IVAs can be defined as interactive digital characters that exhibit human-like qualities and can communicate with humans using natural human modalities such as facial expressions, speech, and gestures [7]. This broad definition includes intelligent virtual characters that manifest themselves as text-based chatbots on smartphone or tablet and virtual characters in the form of a human head or a complete person on a tablet or computer screen. Several other terms are used for this type of agent, such as virtual assistant, (embodied) conversational agent, cognitive assistant, chatbot, intelligent assistive technology, and virtual human. IVAs have also been the subject for a series of conferences on this theme organized by the Association for Computing Machinery since 1998 [7]. As it has been a topic of research for more than 3 decades now for many applications, a large volume of research papers have been published on this subject.

For the purpose of this study, the main interest is in IVAs implemented as onscreen virtual characters that support older adults through autonomous verbal interaction. This specification is based on 3 reasons. First, from the perspective of the patient, verbal interaction is considered the easiest and most natural way to communicate and build rapport with an agent [8]. Second, a virtual character is more inviting to have a verbal communication with than a text-based chatbot. Third, once a person is used to this type of communication, a many-year support period during various forms of slowly progressing cognitive decline could be possible: talking is something people can do for a long period, whereas pushing buttons on a touchscreen still assumes some digital literacy, and this may disappear with cognitive decline [9].

IVAs have potential advantages for organizations that deliver home or institutional care. These organizations could decrease the need for a 24×7 human support team if a large part of the frequently asked support questions can be handled through an intelligent dialogue with an IVA. Furthermore, IVAs are immediately available and there is no need to wait in line for the availability of a health care organization employee. Interaction data can be stored and analyzed both on a personal and on an aggregated level, where the latter is of interest to the health care organization as well as to governmental health care control institutions. Obviously, ethical and privacy concerns need careful consideration and as a start can be addressed by a compliance check with the ethics guidelines for trustworthy artificial intelligence (AI), as published by the European Commission [10,11]. At the same time, IVAs have not yet been widely introduced in the consumer market and can thus far be found primarily in laboratory environments. Thus, the question arises as to whether IVAs have actually been developed and evaluated as verbal coaches or companions for cognitively impaired older adults. Therefore, this research first considered related systematic reviews and then identified the current state of the art through a systematic literature review.

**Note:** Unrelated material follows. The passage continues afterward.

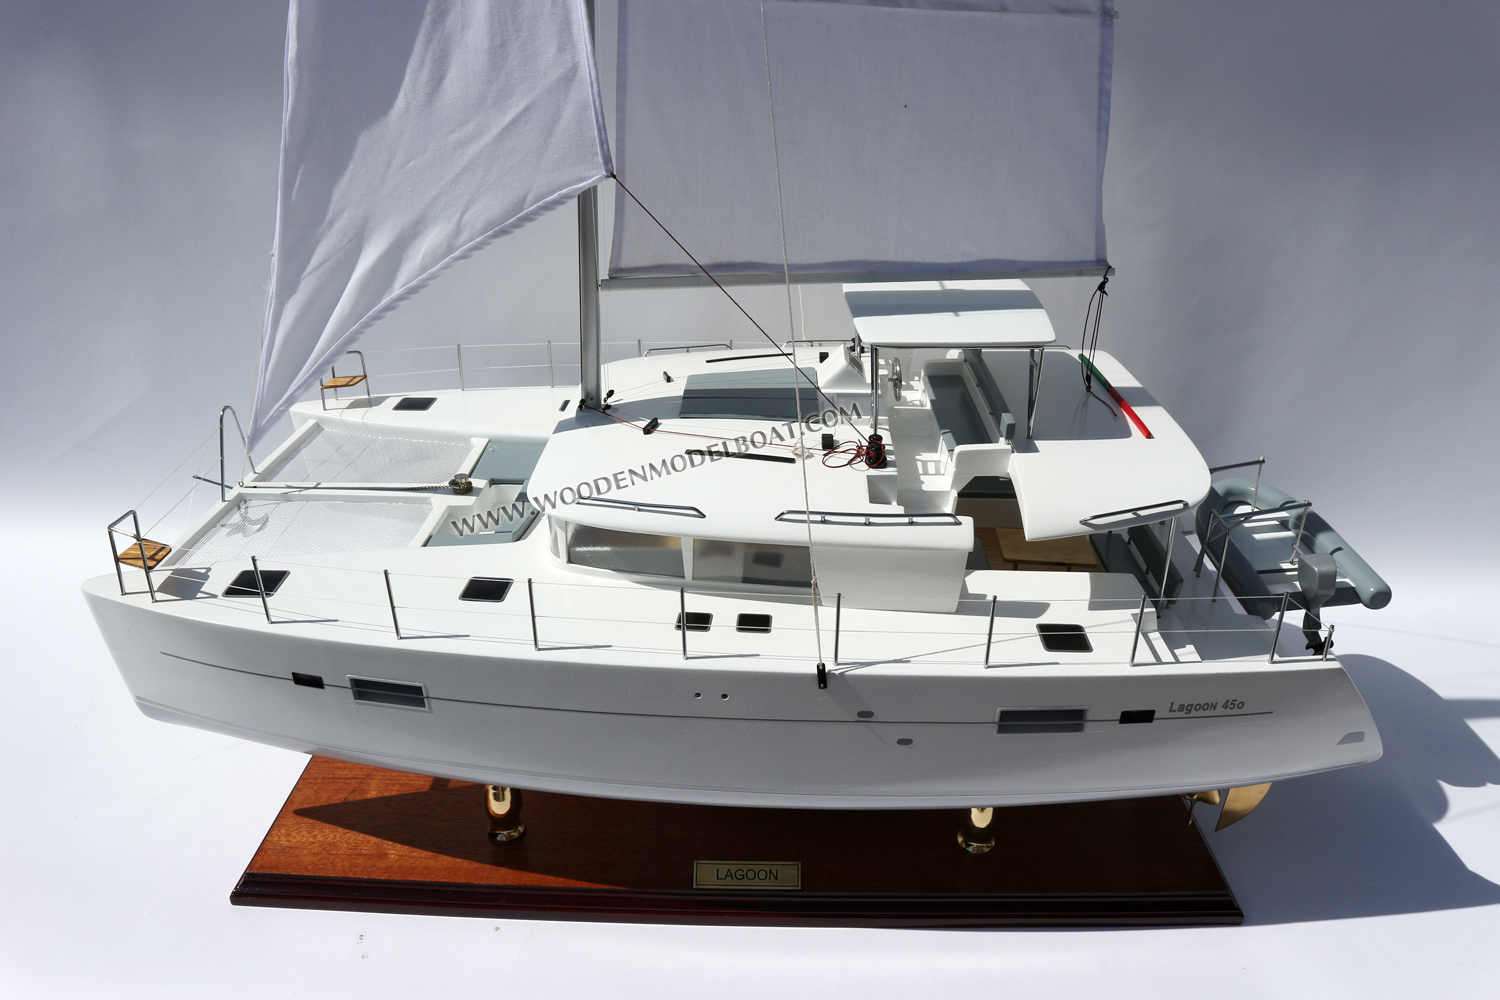 LAGOON 450F CATAMARAN Catamaran Model

Other systematic reviews on virtual agents in health care revealed that the number of experiments with voice-enabled agents was rather limited. Xie et al [12] conducted a review on AI specifically for caregivers of persons with dementia, but did not report on any virtual agents for which an actual experiment had been conducted. Schachner et al [13] reviewed papers on AI-based conversational agents for chronic conditions. Although they found 2052 articles, only 10 met their inclusion criteria for research on chronic diseases involving an AI-based conversational agent. Of these 10, 2 papers dealt with dementia, but did not include a virtual agent.

Ienca et al [14] performed a systematic review on intelligent assistive technology for several forms of dementia including AD and included 571 studies. They examined the technological type of the interventions among others, but did not make a clear distinction on whether the intervention involved a virtual agent capable of 2-way verbal communication.

Bevilacqua et al [15] conducted a systematic review of the effectiveness of coaching through technology among older adults. From their original set of 2186 articles, 8 met their inclusion criteria, among which the criterion of the study was a randomized controlled trial. This criterion was more stringent than the ones used in this study, meaning that studies that could be included in this study might be excluded in their search strategy. In contrast, none of the studies they found aimed at people with cognitive problems.

Car et al [16] conducted a scoping review on conversational agents in health care. They did not report on any virtual agents such as those depicted in Figure 1, as their results were restricted to smartphone apps. Laranjo et al [17] also conducted a systematic review on conversational agents in health care. From the initial 1513 search results, they included 17 studies that evaluated 14 different conversational agents with unconstrained natural language input capabilities. From their results, 2 studies focused on an embodied conversational agent similar to that in Figure 1, but one of these studies was aimed at military personnel with posttraumatic stress syndrome (PTSS) and the other one, on training for people with autism spectrum disorders.

King and Dwan [18] created an inventory of electronic memory aids for people with dementia who experience memory loss increasing with age. They found 16 studies that met their inclusion criteria, one of which also met the criteria drawn up for this study: a study by Tokunaga et al [19] on a memory-aid service agent.

Provoost et al [20] reviewed embodied conversation agents in clinical psychology. They included 54 publications after an initial search result of 1117 references, but the disorders studied were autism, depression, anxiety, PTSS, schizophrenia, and substance abuse. Depression and anxiety are often associated with dementia. However, the studies related to these subgroups did not meet the criterion of a virtual agent.

Loveys et al [21] specifically examined the design features of embodied conversational agents and the extent to which these have an effect on the relationship quality between human and agent. Their systematic review resulted in 43 studies that examined design features such as language use, behavior, emotional expression, embodiment, appearance, personality, environment, and a combination of these. However, none of these studies were aimed at people with dementia.

Milne-Ives et al [22] performed a recent systematic review on the effectiveness of AI conversational agents in health care. They found 31 studies including a variety of conversational agents, among which were 14 chatbots and 6 embodied conversational agents; however, none specifically targeted people with cognitive problems such as dementia.

It is possible that some of the papers that were excluded from the aforementioned reviews met the inclusion criteria for this study. In any case, there is a gap when it comes to IVAs for people with amnesia, dementia, or AD, and with whom 2-way verbal interaction experiments have been conducted. This gap calls for a specific systematic review on that topic.

This study aimed to evaluate IVAs and their interaction functionality, which have demonstrated a verbal communication for people with amnesia. Our hypothesis is that IVAs designed to assist older adults with memory problems have a positive usability. This review reports on studies with various voice-based IVA applications that have been developed to support these patients and the studies, which included (pilot) evaluations with this target group.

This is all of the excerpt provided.